A 35 year old married man called Mr D was brought to hospital by ambulance. His colleagues at the bank where he works as a financial advisor had found him slumped over his desk. He had drunk a whole bottle of vodka. He had vomited profusely and was nearly unconscious.

On examination by the medical registrar, he was found to be mildly jaundiced with palmar erythema and clubbing of the finger nails. Abdominal examination revealed hepatomegaly.

Significant results of physical investigations:

  • WCC - 6.2 ( 4.0-11.0 x 109/l)
  • MCV - 108 ( 76-96 fl)
  • GGT - 140 ( 11-51 IU/l)
  • AST - 211 (5-35)
  • ALT - 97 (5-35 IU/l)

He was admitted to a medical ward and seen the next day by the duty psychiatrist who noticed Mr D was shaking all over and perspiring. He kept wringing his hands and seemed very anxious.

At interview, he gave a history of heavy drinking for the past 8 months since his manager set new targets for the department. The drinking had caused many arguments with his wife which had culminated in her leaving with their 2 children to stay with her parents.

The psychiatrist inquired about other symptoms and learnt that Mr D felt he had lost control of his drinking and felt unable to stop. He spent as much time as possible drinking to cope with stress and always had a drink first thing in the morning to give him a lift before going to work.

Explain the underlying clinical phenomena.


He is an alcoholic


  1. Detox them; get them clean, and deal with DTs
  2. Group Therapy; Get them to join AA
  3. Drug Therapy; put them on antabuse, which makes them feel terrible if they drink

Common Questions

Describe the features of a dependence syndrome (including alcohol)

Using stamp collecting as an example:

  1. Primacy: The hunt for stamps begins to take priority over other activities.
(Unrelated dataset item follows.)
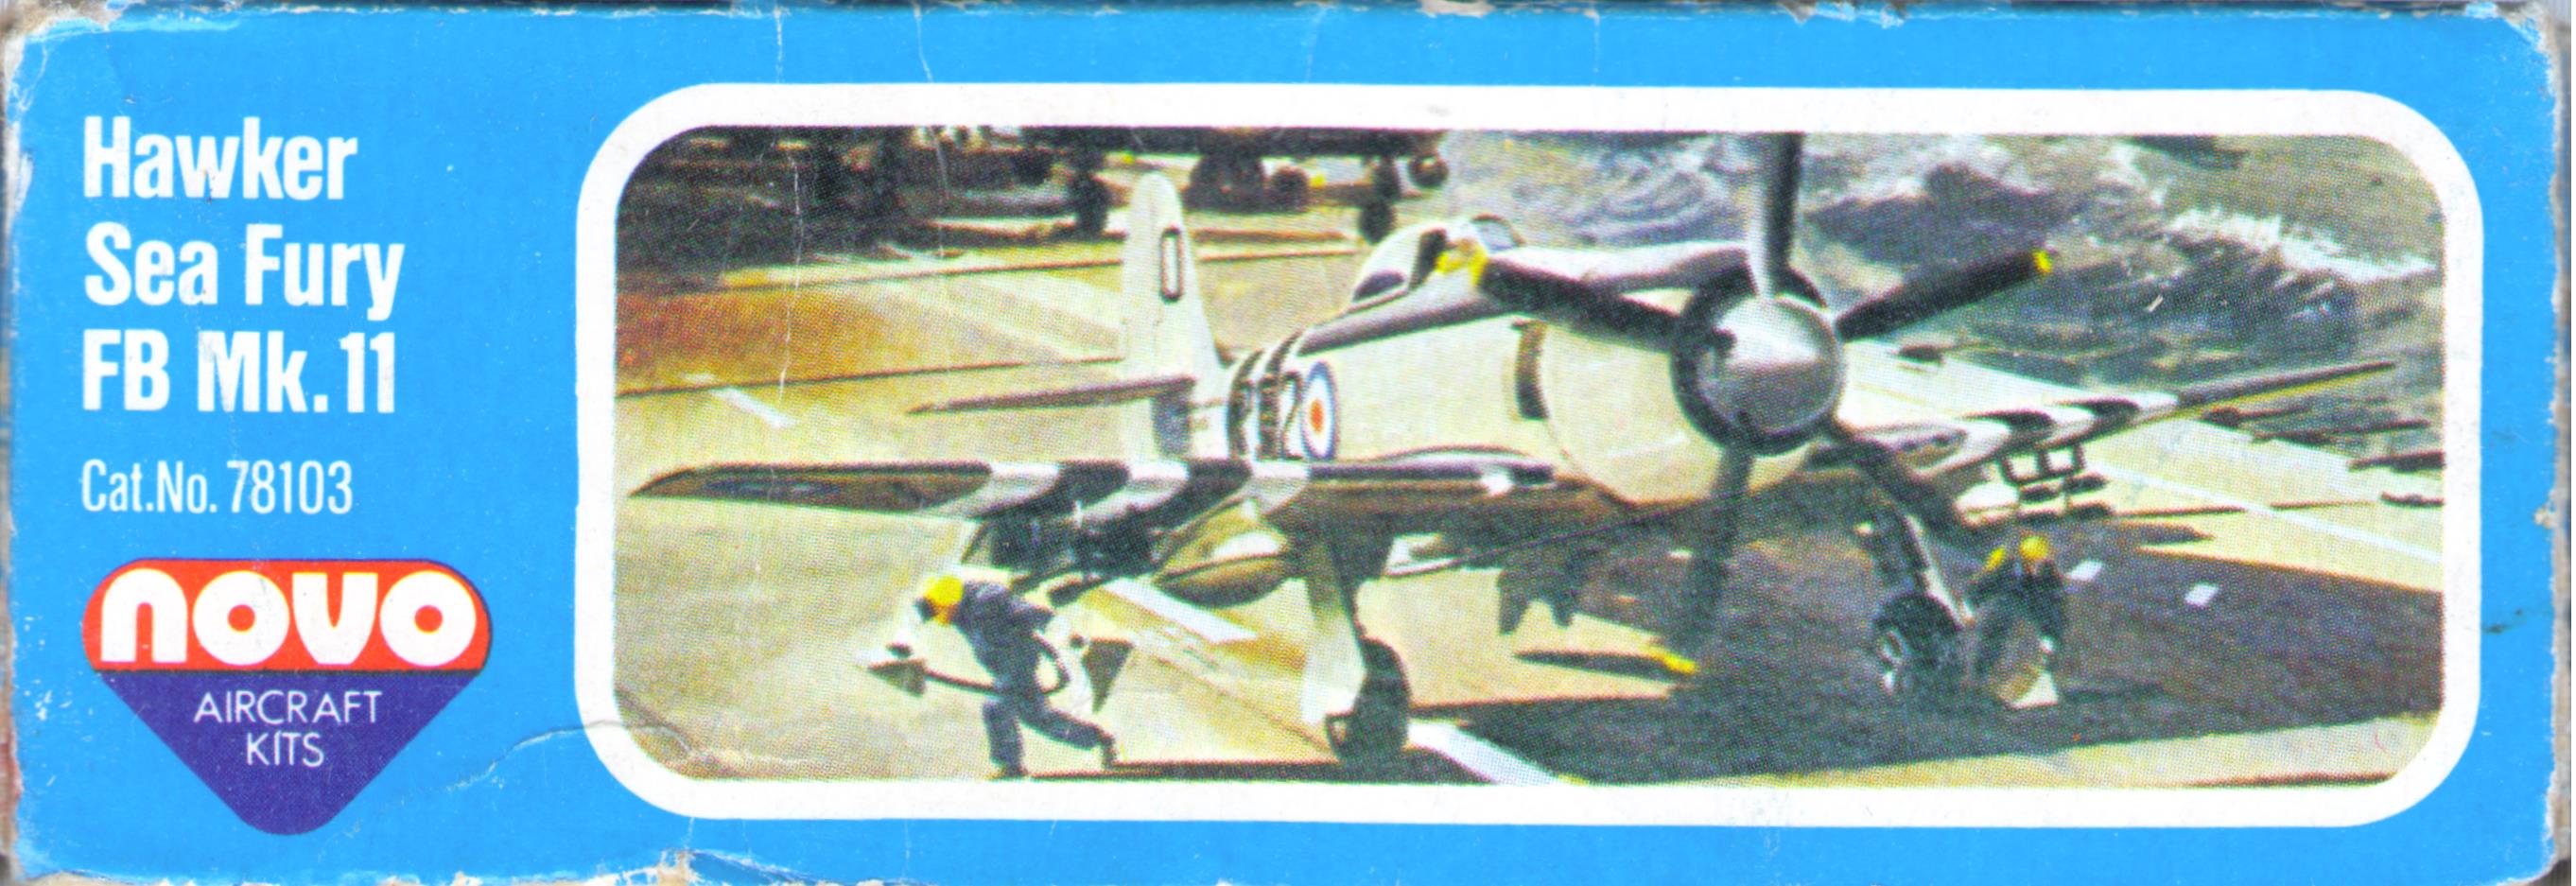 Малая сторона коробки (тестовый выпуск) NOVO Toys Ltd F197 Curtiss P-40 Tomahawk
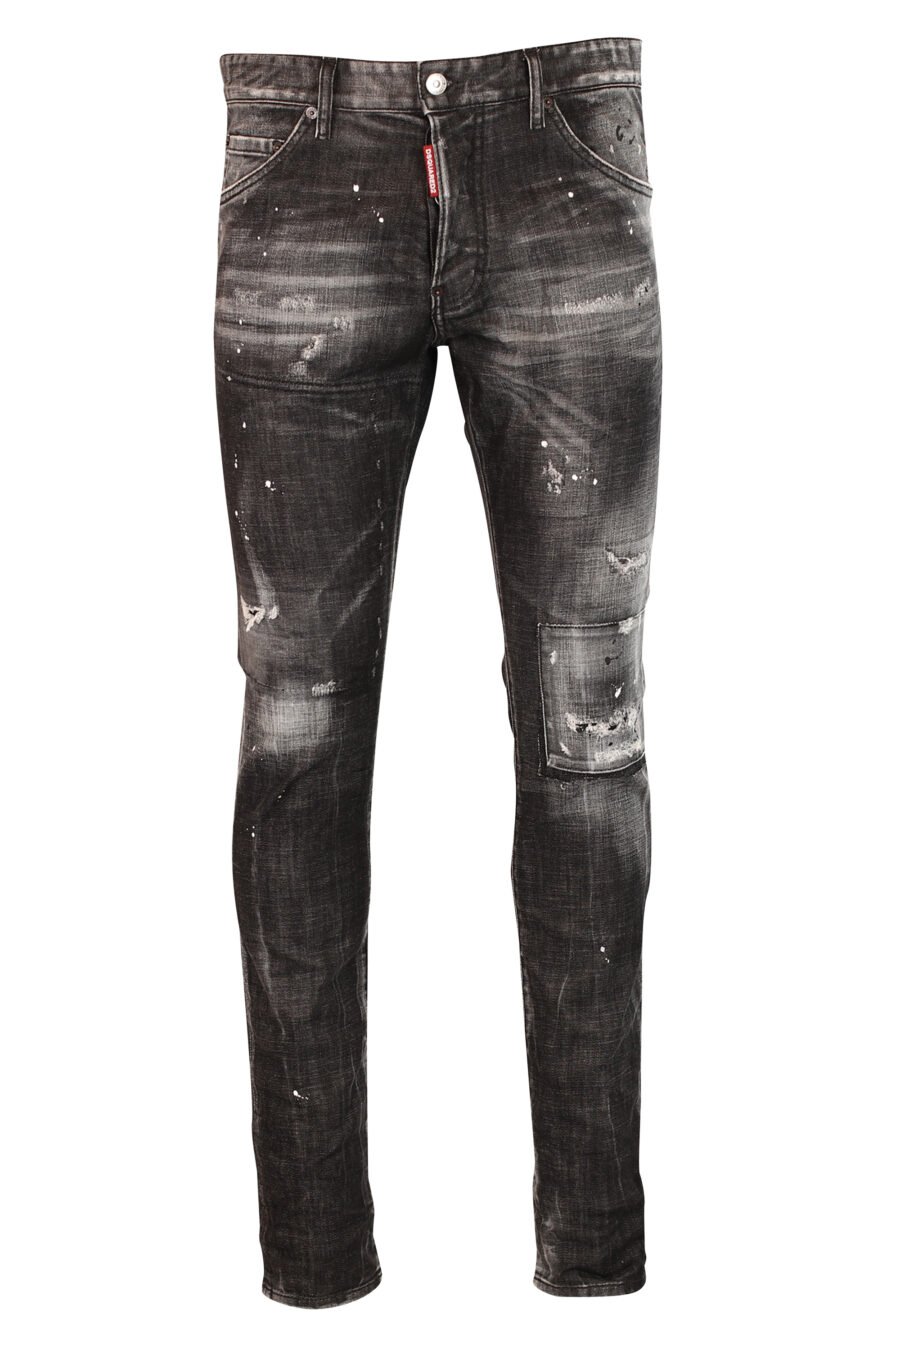 Pantalon en jean noir semi-effiloché et déchiré - 8052134953105

It becomes a compulsion.
  2. Narrowing of Repertoire: The addict begins to stick to one staple, such a second class, or whisky.
  3. Tolerance develops: so it takes more stamps to satisfy.
  4. Rapid Reinstatement after Abstinence: After just a few day clean, the addict heads back down to the Post Office...
  5. Withdrawal symptoms: such as anxiety and tremor develop after a short period without a a quick "first class" hit, and are only reduced by buying more stamps.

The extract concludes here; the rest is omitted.